Тот усмехнулся и заявил:

– Нашел тоже кабинет. Так, каморка.

– Какой ни есть, а кабинет. Зубы мне не заговаривай, ступай за Фомой, но до того пройди к соседу Кузьмича, проведай, все ли у Тимофеева в прядке. Я имею в виду евреев. Не приведи бог они уехали. Тогда с нас Калач головы вмиг поснимает.

– Нет, не уехали. Не дали бы Фома и Иваныч, который глядит за подворьем Кузьмича. Да и куда им ехать?

– В лес. Но ладно брехать, пошел!

– Ты бы повежливей, Евдоким Нилыч. Я же тебе не батрак. Тоже на должности.

– Ладно, извини.

Шмаров ушел.

Буганов отправился в контору.

Дверь, ведущая в кабинет старосты, была открыта. Василий Акимович Косарев сидел за столом, морщил лоб, что-то писал и постоянно протирал перо ручки.

Старший полицай зашел к нему.

– Приветствую, Василь!

– Это ты, Евдоким. Как съездил в район?

– Как обычно. Ничего хорошего, когда вызывает начальство, ожидать не приходится.

– Это да, особенно если начальник такой, как Мирон Калач, редкой жестокости человек. А ведь раньше порядочным был, другим.

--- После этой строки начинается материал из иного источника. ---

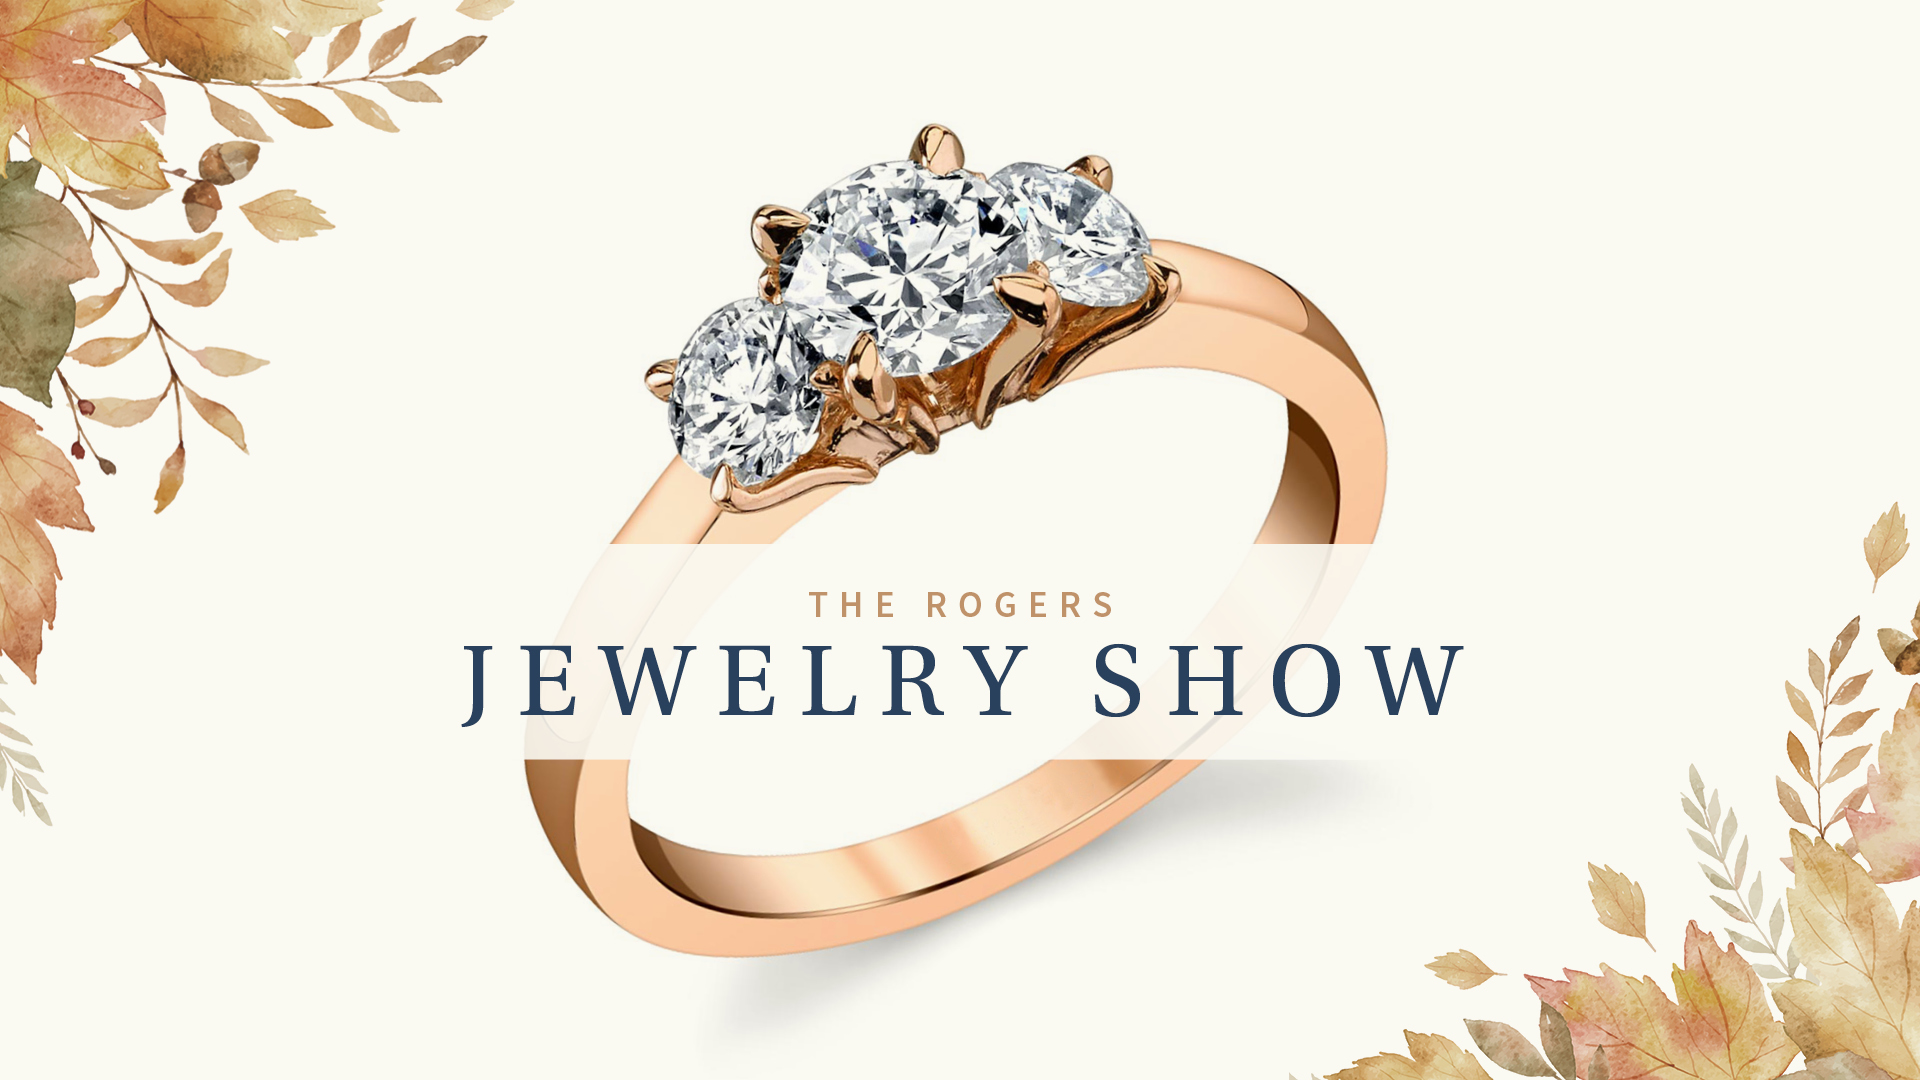 Rogers Jewelry Co. Announces Fall Jewelry Shows Across Six Participating Locations

– Все мы раньше другими были. Вот ты кем числился? Агентом по снабжению, мотался по району по указу Кузьмича, а сейчас? Староста. Самый большой начальник в деревне. У тебя и помощник, и писарь. Кстати, где он?

– Отправился в город к родне.

– То-то гляжу, сам чего-то пишешь. Докладную, что ли?

– Отчет, черт бы его побрал. Немцы строгий порядок ввели, вот и отчитывайся, куда ведро с пожарного щита делось. Спер его кто-то. Обычное дело, а целую бумагу писать надо. Что ухмыляешься? Тебе тоже придется отчитываться. Ведро само собой исчезнуть не могло, значит, стащили его, а это уже по твоей должности дело. Кража, понимаешь?

– Да ну ее к черту, эту кражу. Я свое ведро лучше повешу на этот никому не нужный пожарный щит.

Косарев отложил ручку.

– Свое, говоришь? Тогда другое дело. Ведро на месте, чего писать-то? Только ты повесь уж его, Евдоким.

– Сказал, сделаю.

– Чего в Гороше делается?

– Живет новой жизнью районный центр. Ресторан «Парус» переименовали в «Мюнхен». Есть такой город в Германии. При нем бордель организован и игровой зал.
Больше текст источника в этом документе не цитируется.